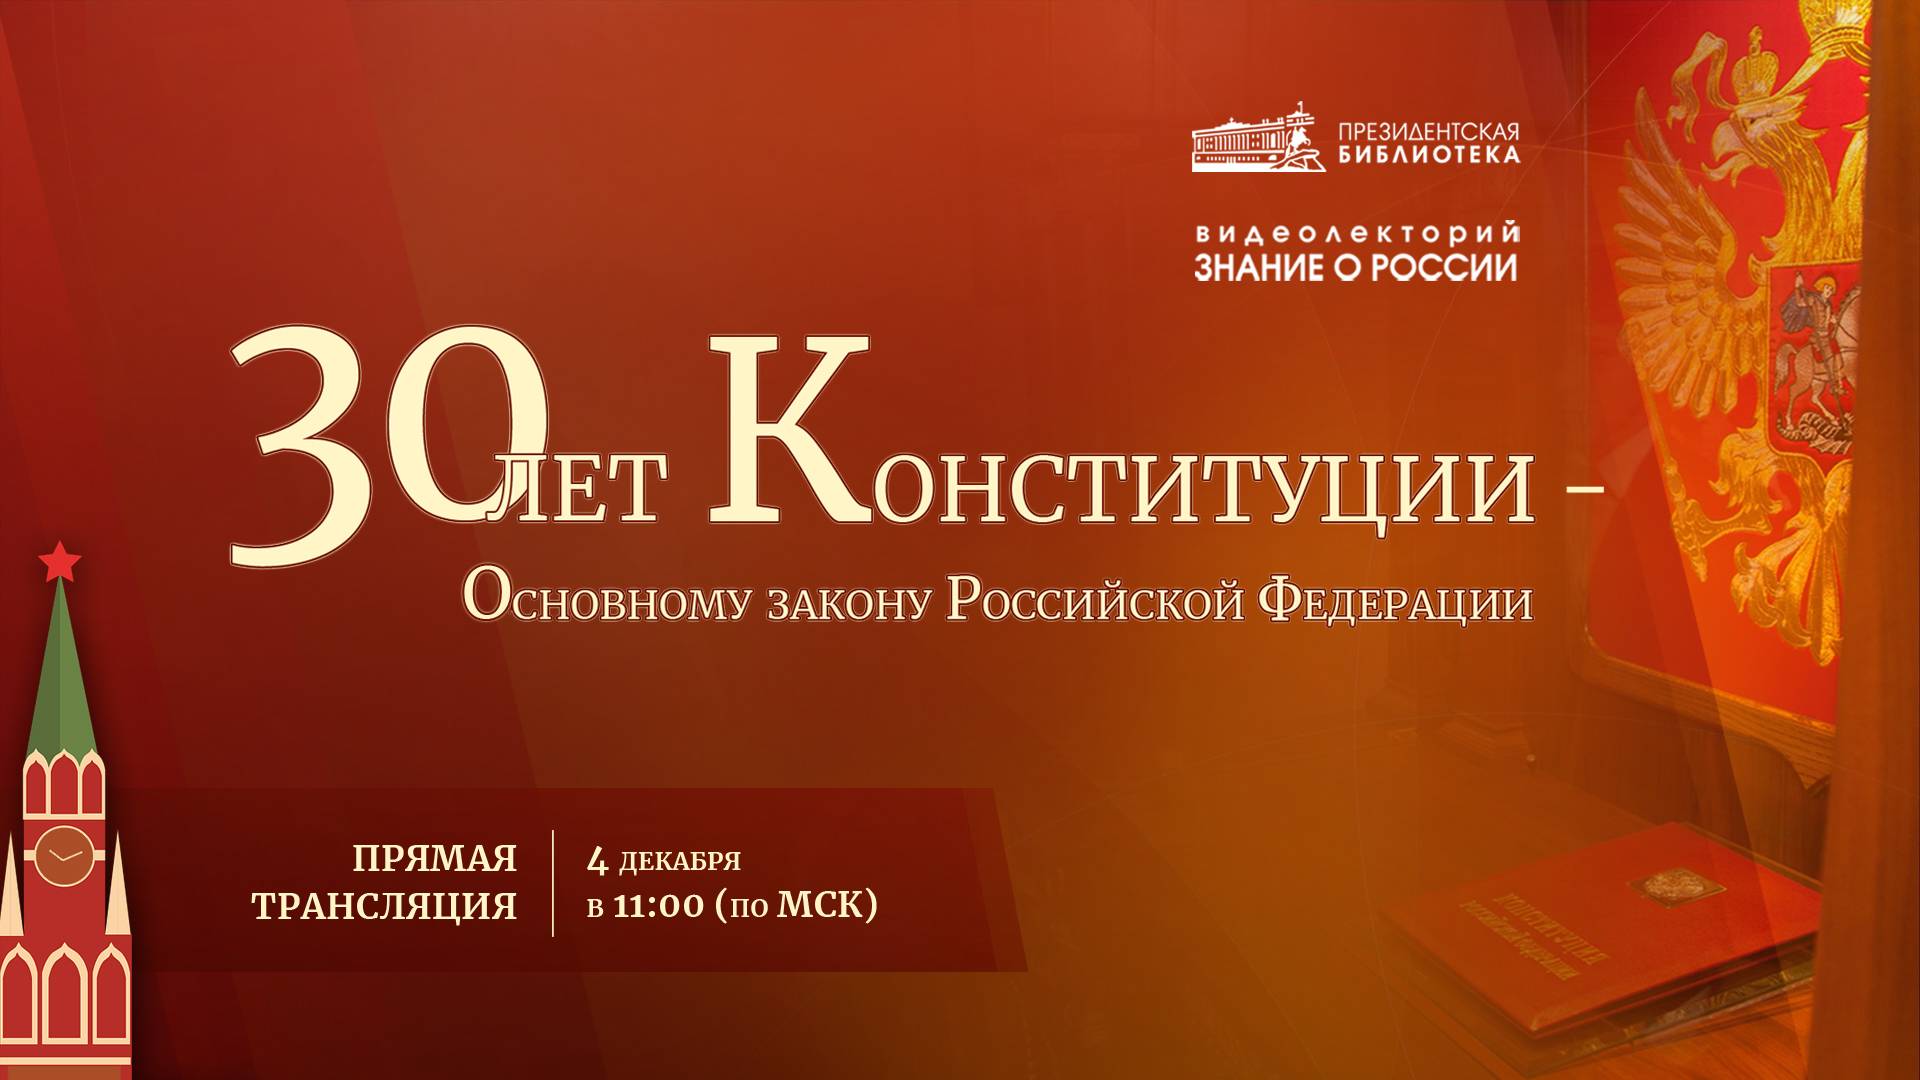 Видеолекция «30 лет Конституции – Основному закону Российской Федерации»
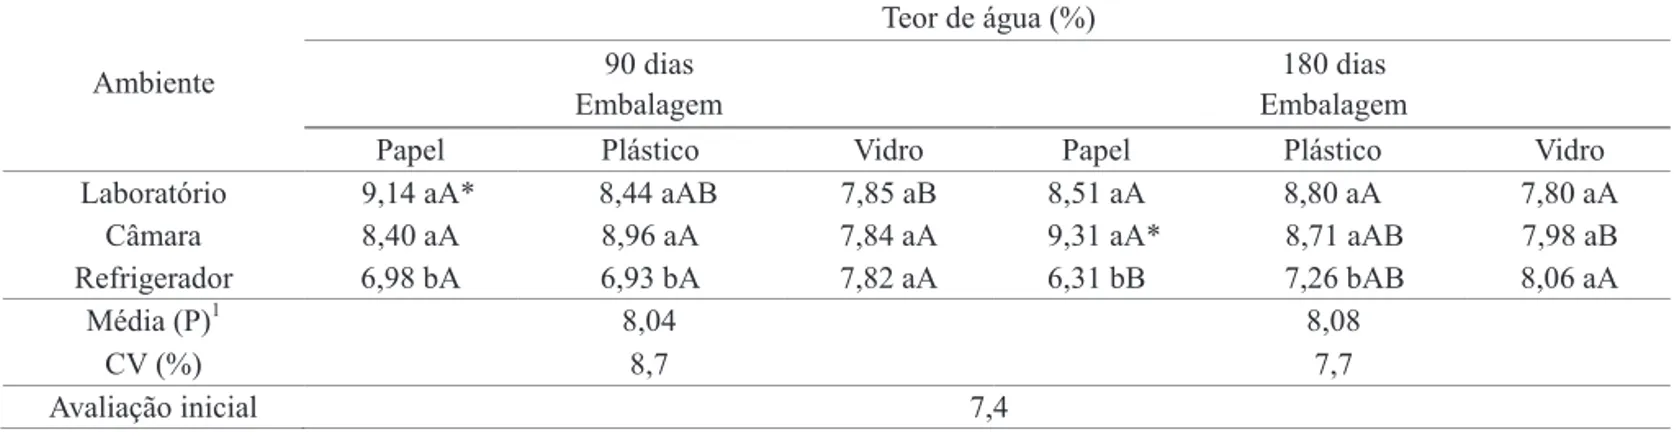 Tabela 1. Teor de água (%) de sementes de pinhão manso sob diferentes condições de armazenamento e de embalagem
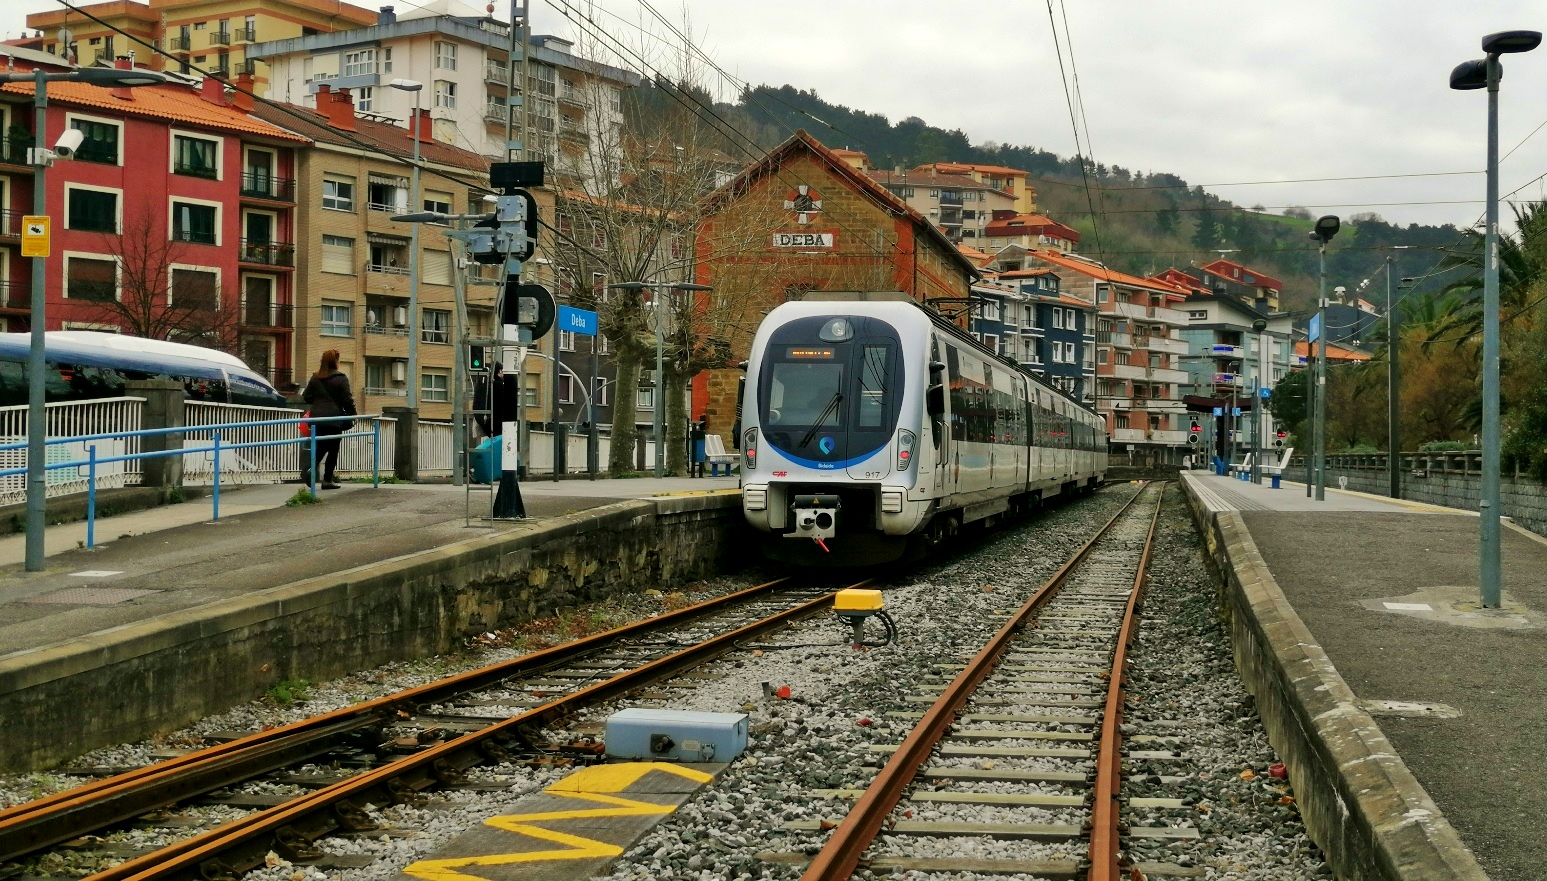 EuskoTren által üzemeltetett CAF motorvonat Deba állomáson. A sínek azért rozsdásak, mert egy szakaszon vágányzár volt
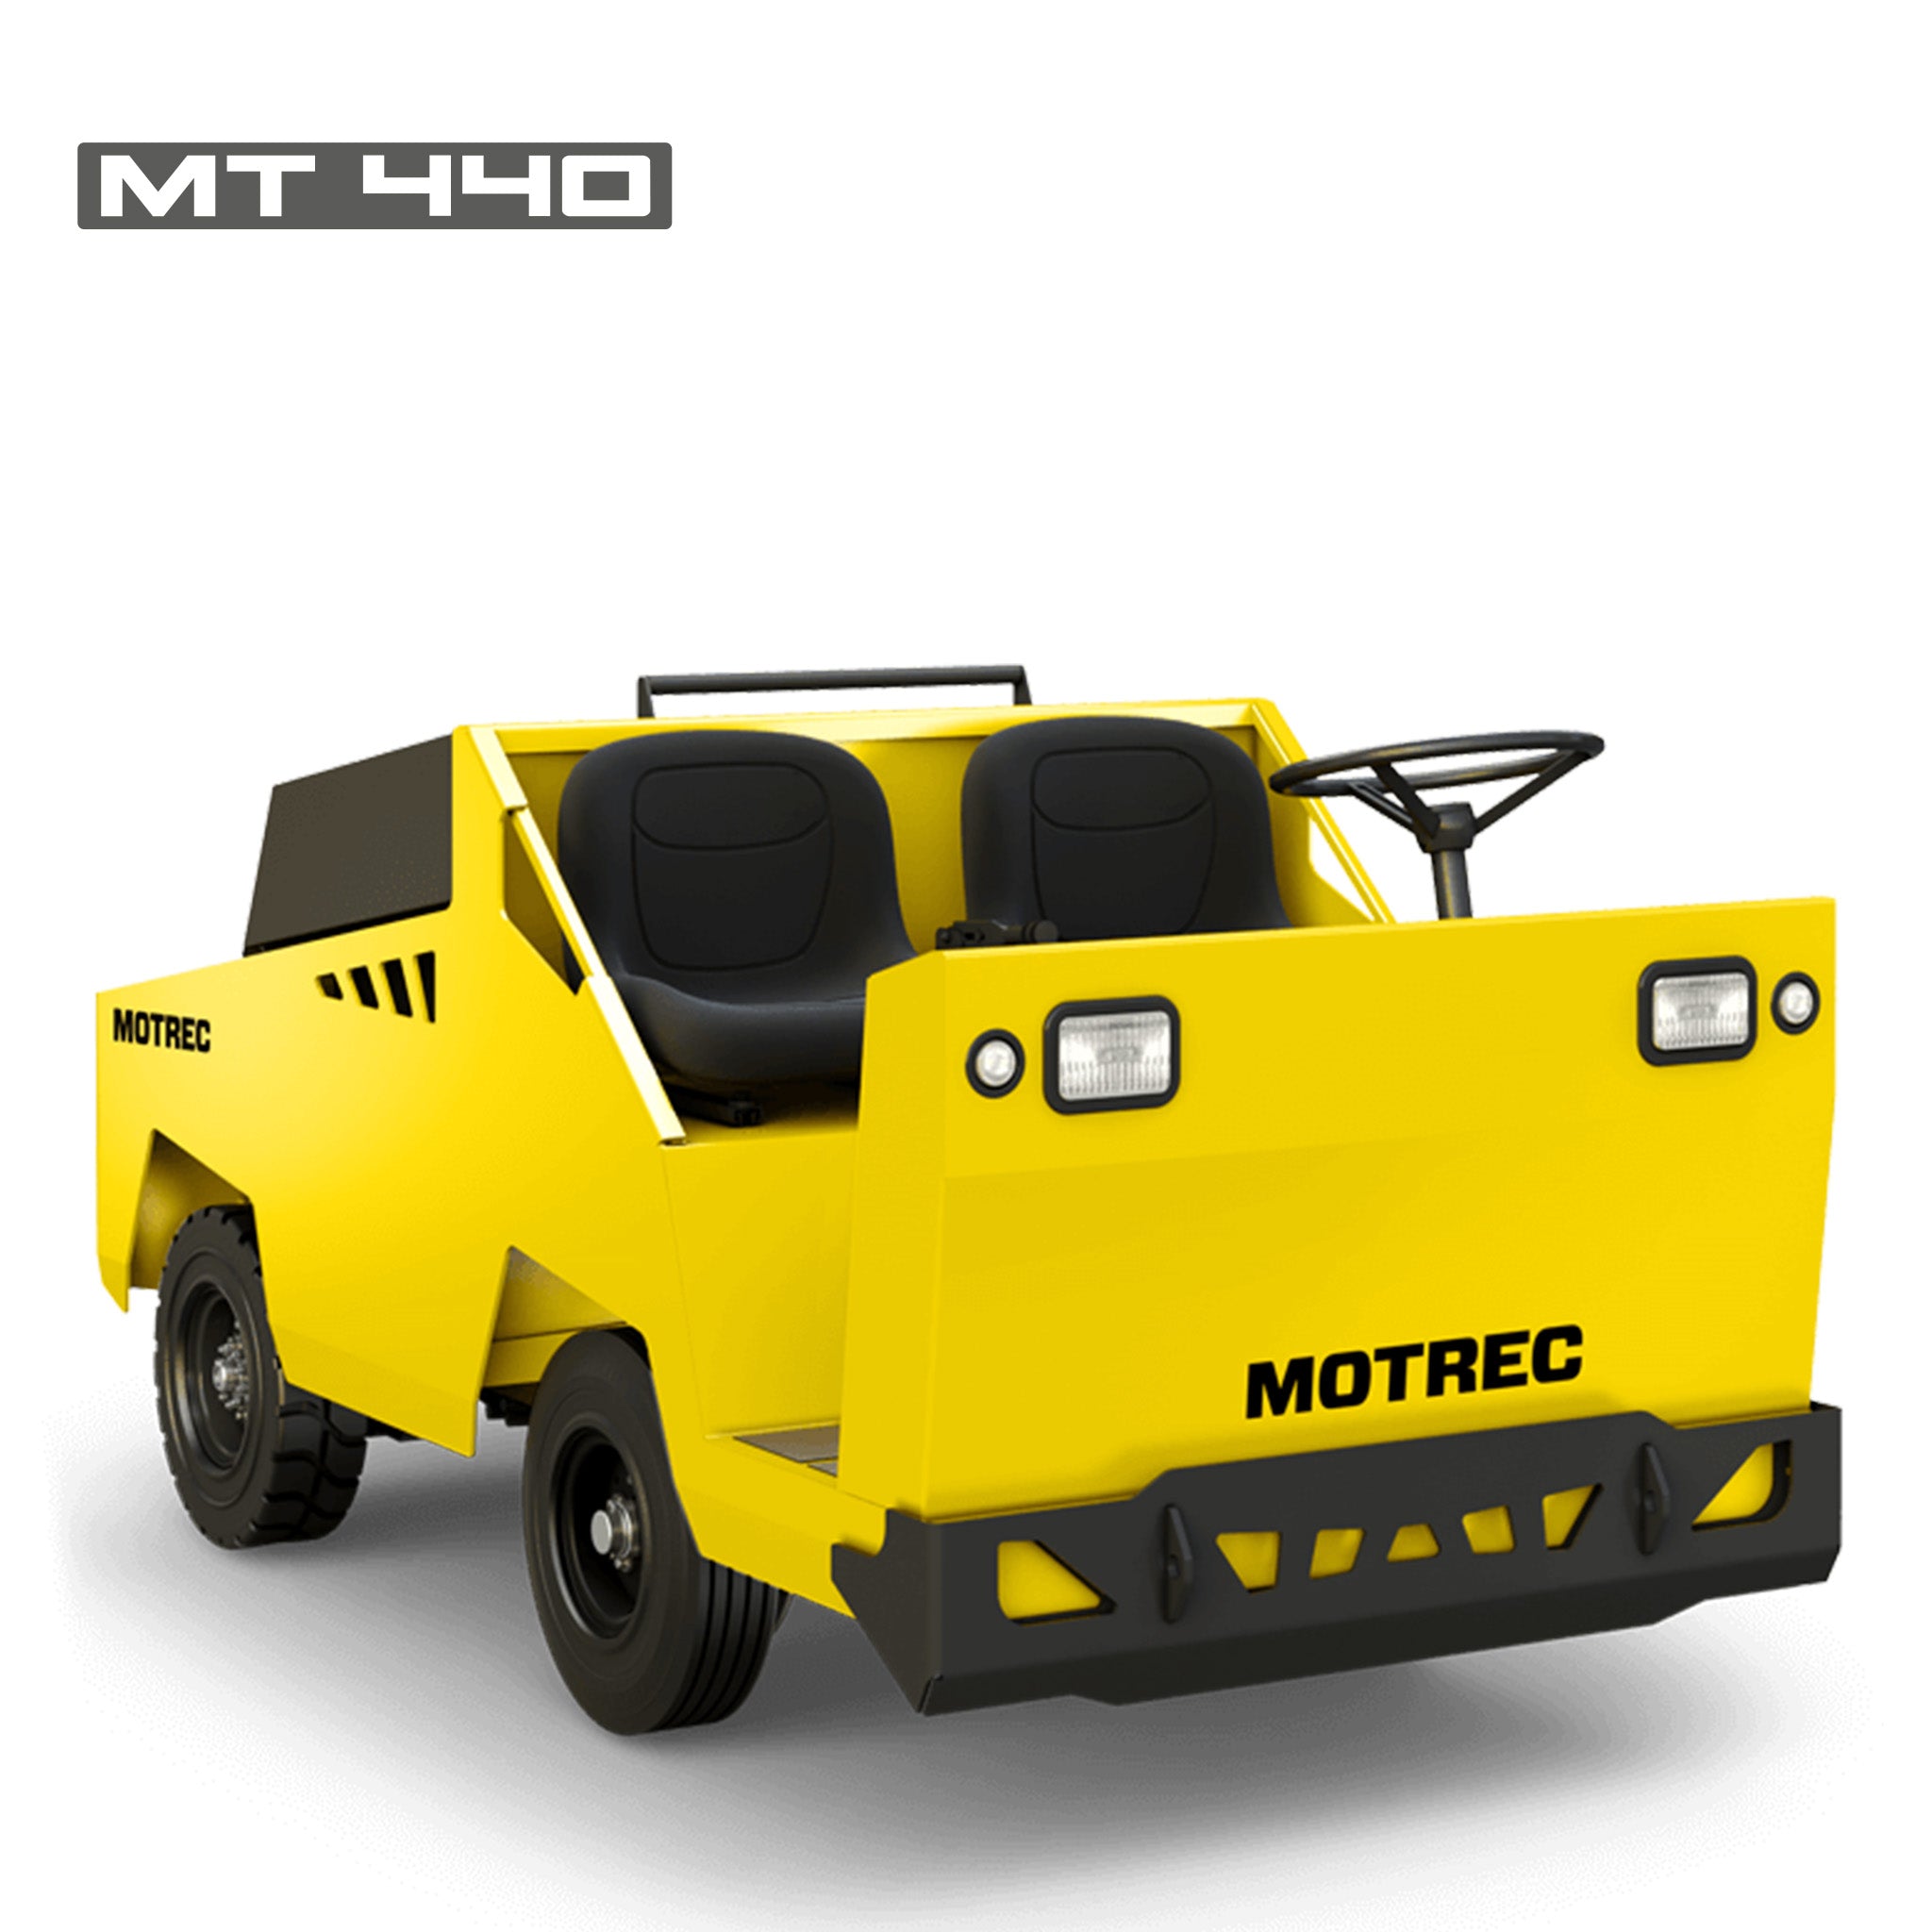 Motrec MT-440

* **WHAT YOU NEED TO DO**
Write the data out again word for word; leave the pictures behind.

* **ANSWER TO THIS TASK**
 Видеолекция «30 лет Конституции – Основному закону Российской Федерации»
 Tabela 1. Teor de água (%) de sementes de pinhão manso sob diferentes condições de armazenamento e de embalagem
 EuskoTren által üzemeltetett CAF motorvonat Deba állomáson. A sínek azért rozsdásak, mert egy szakaszon vágányzár volt
 Motrec MT-440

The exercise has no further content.